Sementara itu, sebagian besar listrik yang diproduksi PLN masih menggunakan bahan bakar fosil. Sebesar 174.400 GWh atau 92,4 persen dari total energi yang dihasilkan PLN masih mengandalkan bahan bakar jenis ini. Energi terbesar berasal dari bahan bakar batubara, yakni 63,1 persen, disusul gas alam 29,5 persen, high speed diesel (HSD) 5,3 persen, serta Marine Full Oil (MFO) 1,4 persen.
Sejatinya energi yang dipakai untuk mengisi baterai mobil listrik juga mengeluarkan emisi gas buang. Contohnya, mobil listrik berkapasitas baterai 55 kWh dengan jarak tempuh 354 km. Jika sumber energinya berasal dari pembangkit berbahan bakar batubara, total emisi CO? yang dihasilkan setiap pengisian baterai mencapai 62,7 kg.

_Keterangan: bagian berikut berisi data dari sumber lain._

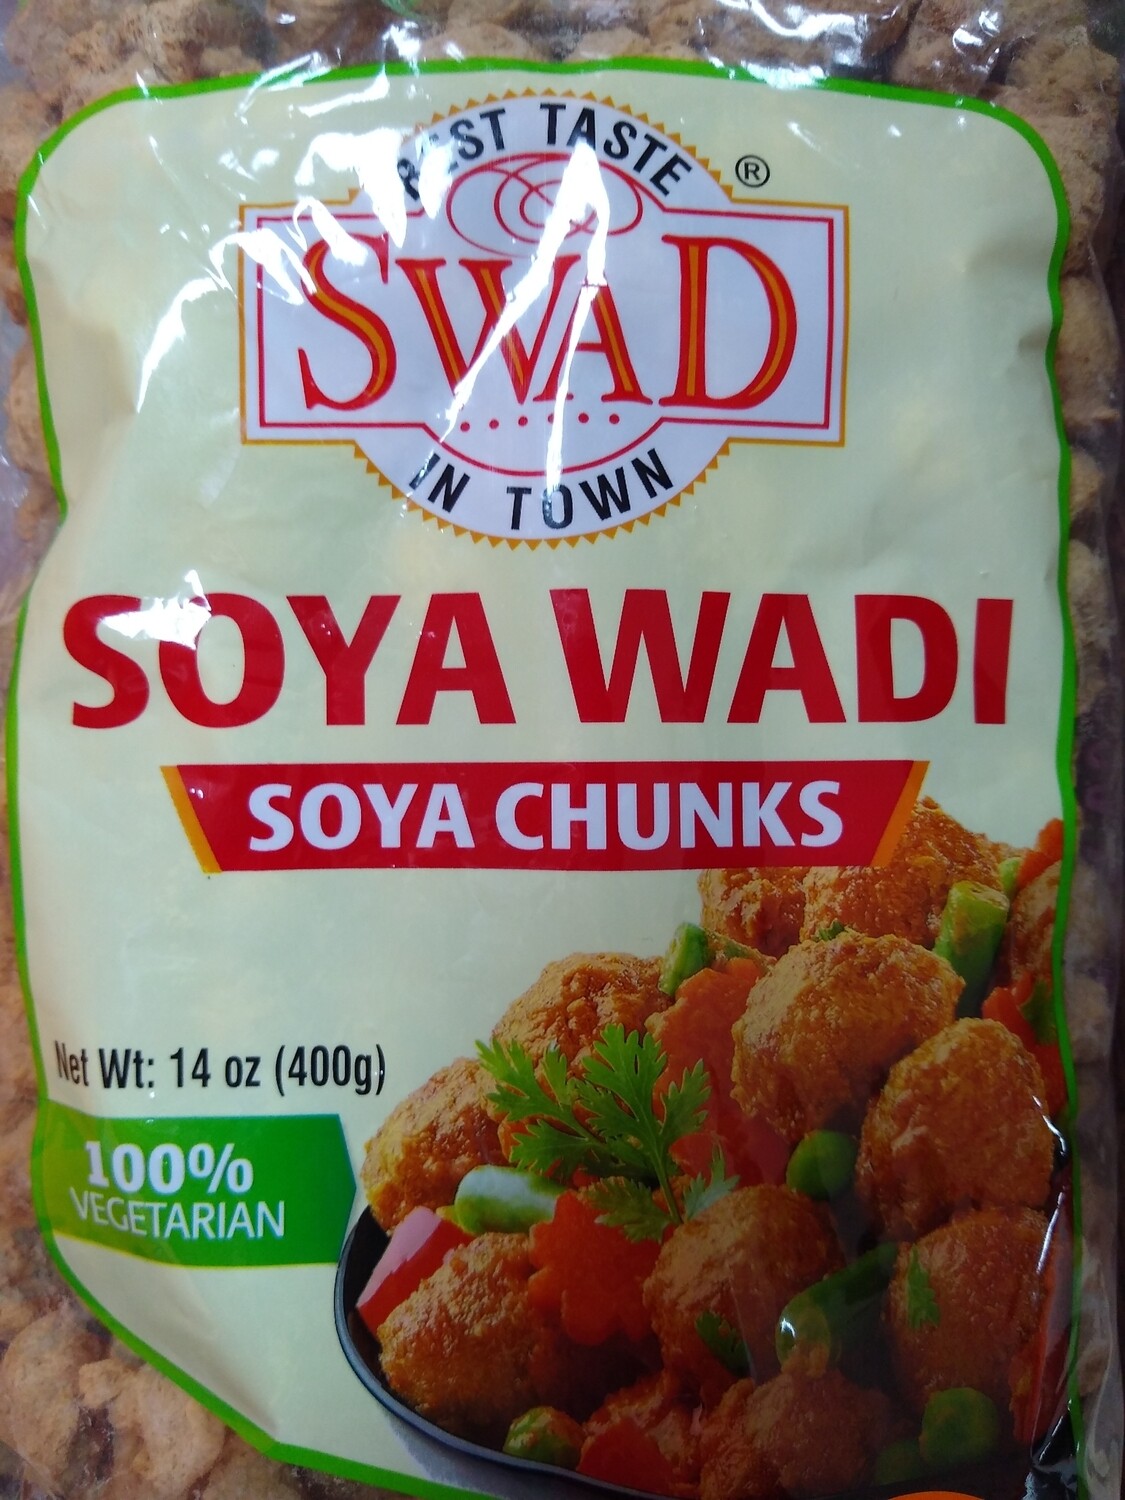 Swad Soya Chunks 400g
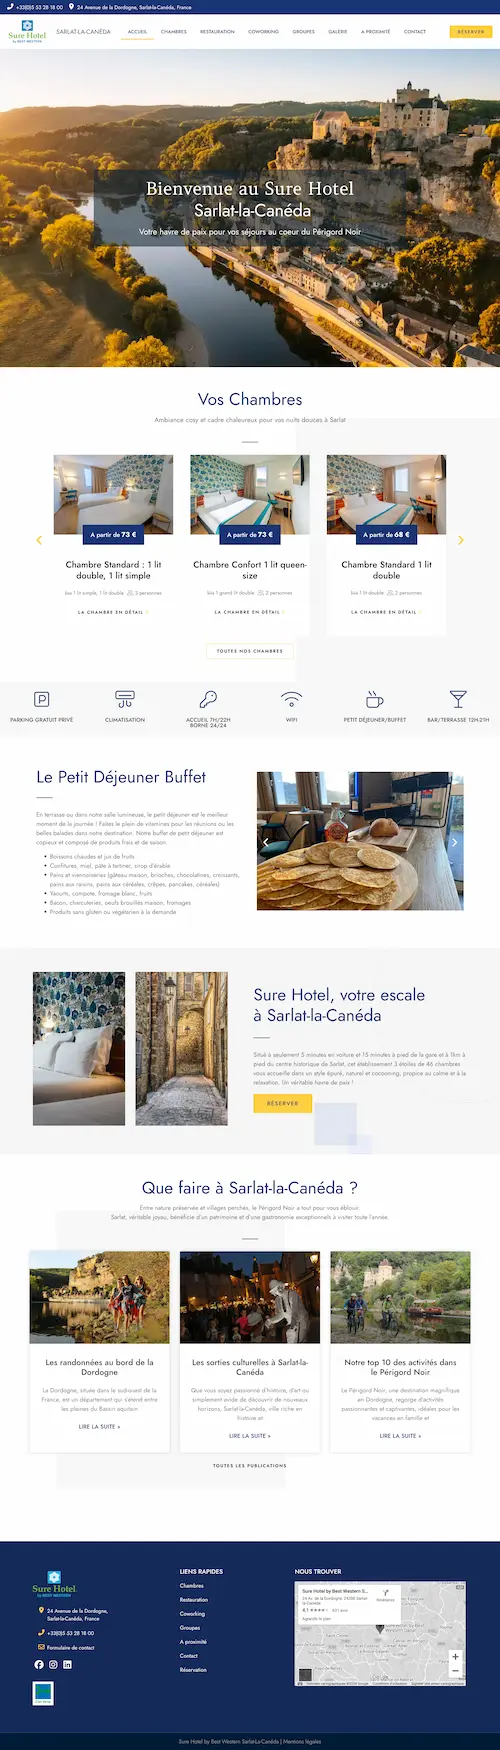 web design site hotel

Angka ini berasal dari laporan UNDP tahun 2007 yang menyebutkan faktor emisi CO? PLTU batubara di Indonesia sebesar 1,14 kg per kWh. Adapun untuk jarak 354 km, jika ditempuh mobil konvensional dengan konsumsi BBM 1:12, akan menghabiskan 29,5 liter premium. Penggunaan BBM sebanyak itu menciptakan emisi CO? 76,7 kg. Jika menggunakan BBM jenis solar, emisi CO? yang dihasilkan untuk jarak tempuh yang sama lebih kecil, yaitu 64,9 kg.

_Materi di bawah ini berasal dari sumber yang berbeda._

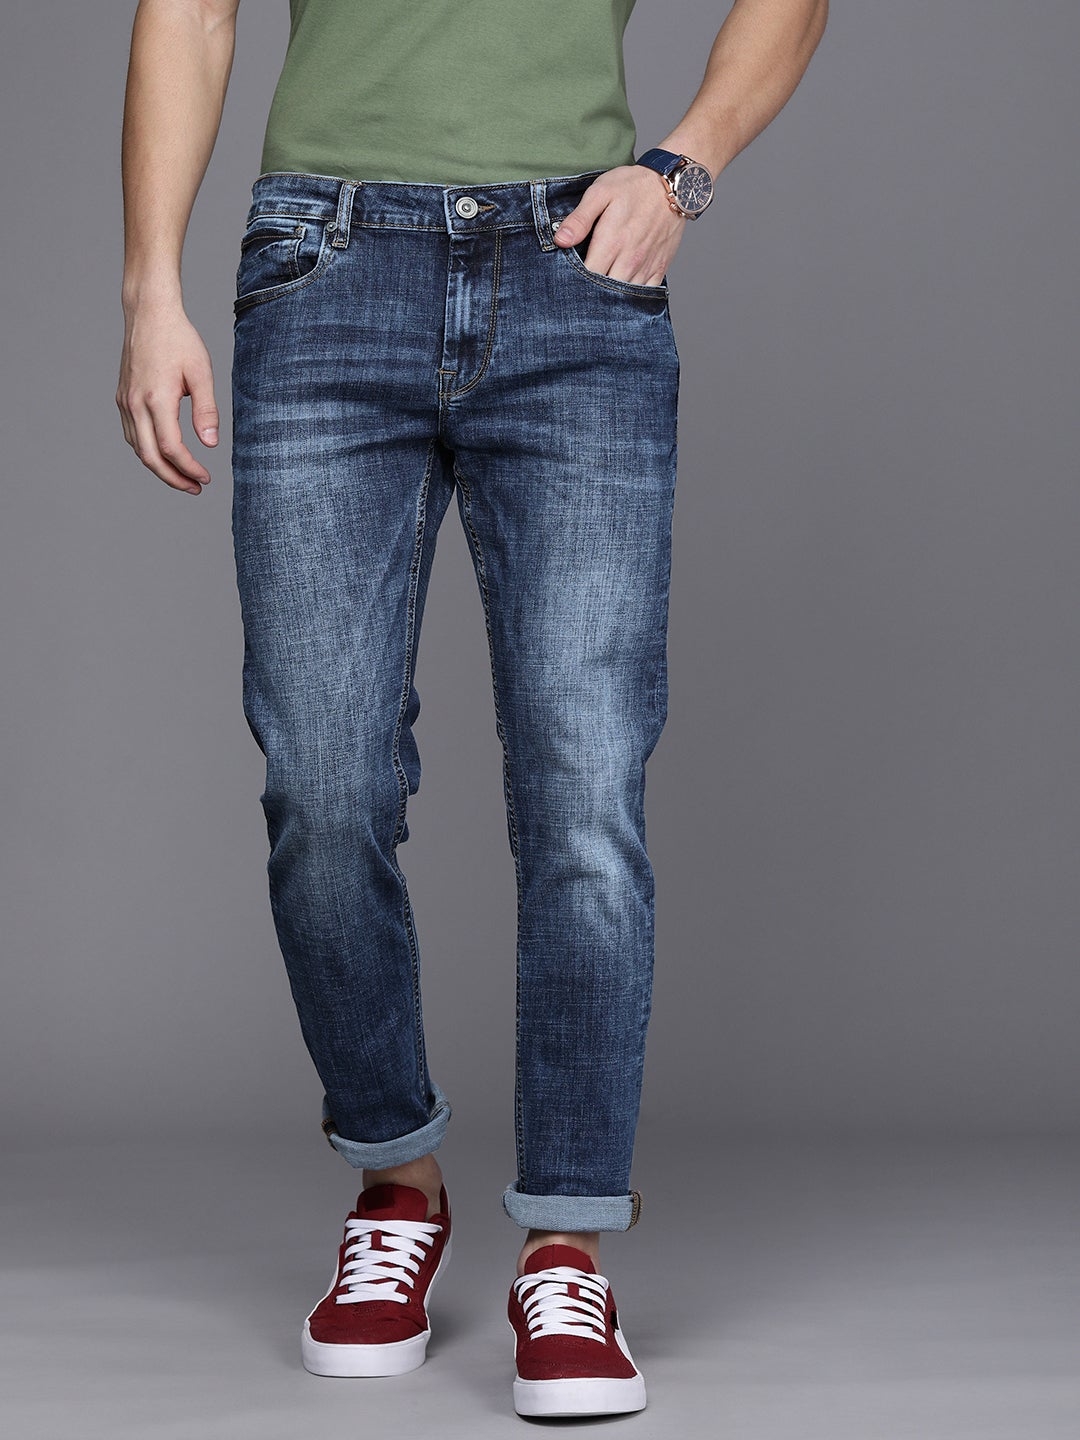 Voi Jeans | Men's Blue track Skinny Stretchable Jeans (VOJN1625)

Dua angka ini diperoleh dari petunjuk teknis pemantauan, evaluasi, dan pelaporan (PEP) Rencana Aksi Daerah Gas Rumah Kaca (RAD GRK) Bappenas. Faktor emisi CO? untuk BBM premium sebesar 2,6 kg CO? per liter dan BBM solar 2,2 kg CO? per liter. Melalui perbandingan antara mobil listrik, mobil BBM premium, dan mobil BBM solar ini terlihat bahwa emisi CO? yang dihasilkan tak jauh berbeda.

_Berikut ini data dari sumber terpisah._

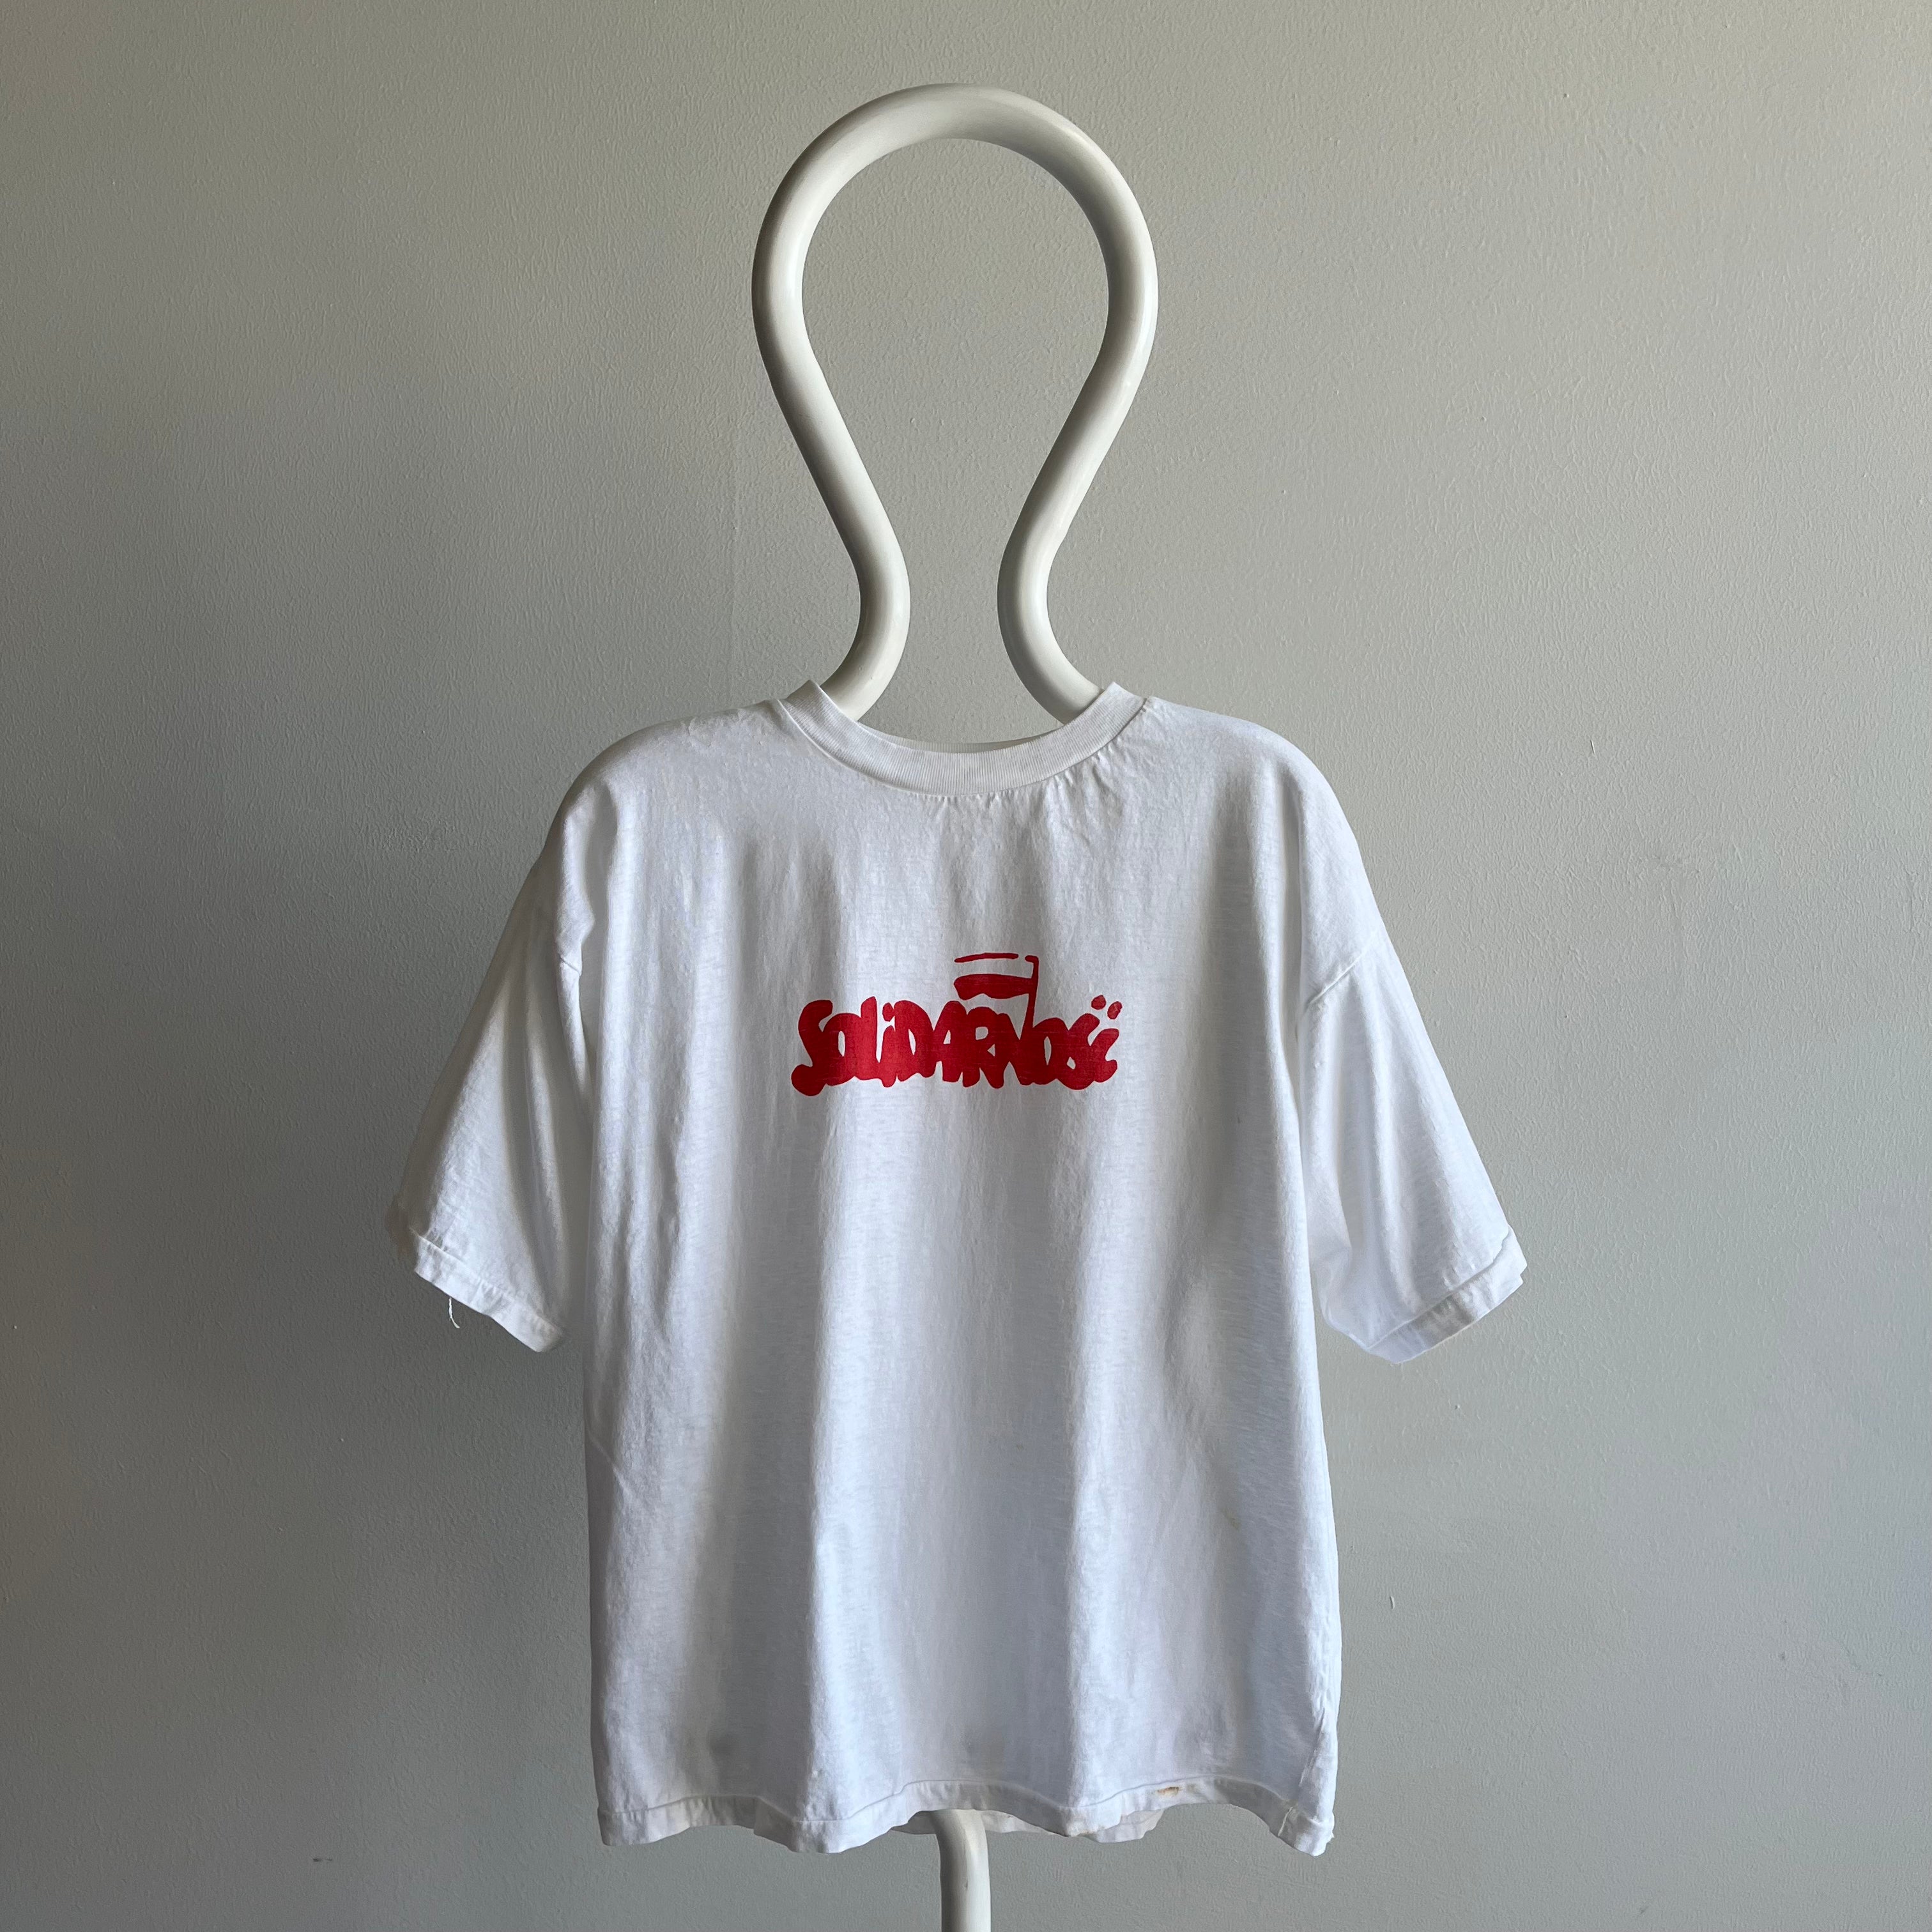 1980s Solidarnosci - A Self Governing Polish Trade Union - Cotton T-Shirt

Salah satu solusi jitu mengatasi masalah ini, yakni meningkatkan produksi listrik di pembangkit dengan sumber energi terbarukan. Contohnya, pembangkit listrik tenaga surya (PLTS). Namun, berdasarkan data PLN, hingga 2018, energi yang dihasilkan dari pembangkit ini masih sangat kecil, sebesar 4,6 GWh. Angka ini setara 0,002 persen dari total listrik yang diproduksi PLN.
Selain PLTS, ada juga pembangkit listrik tenaga bayu atau angin (PLTB) yang sejak 2018 dioperasikan PLN. Pertama, PLTB di Sidenreng Rappang dan PLTB di Jeneponto, Sulawesi Selatan, yang dioperasikan tahun 2019. Energi yang dihasilkan jauh lebih besar daripada PLTS. Jika digabung, keduanya dapat menghasilkan listrik sekitar 400 GWh per tahun.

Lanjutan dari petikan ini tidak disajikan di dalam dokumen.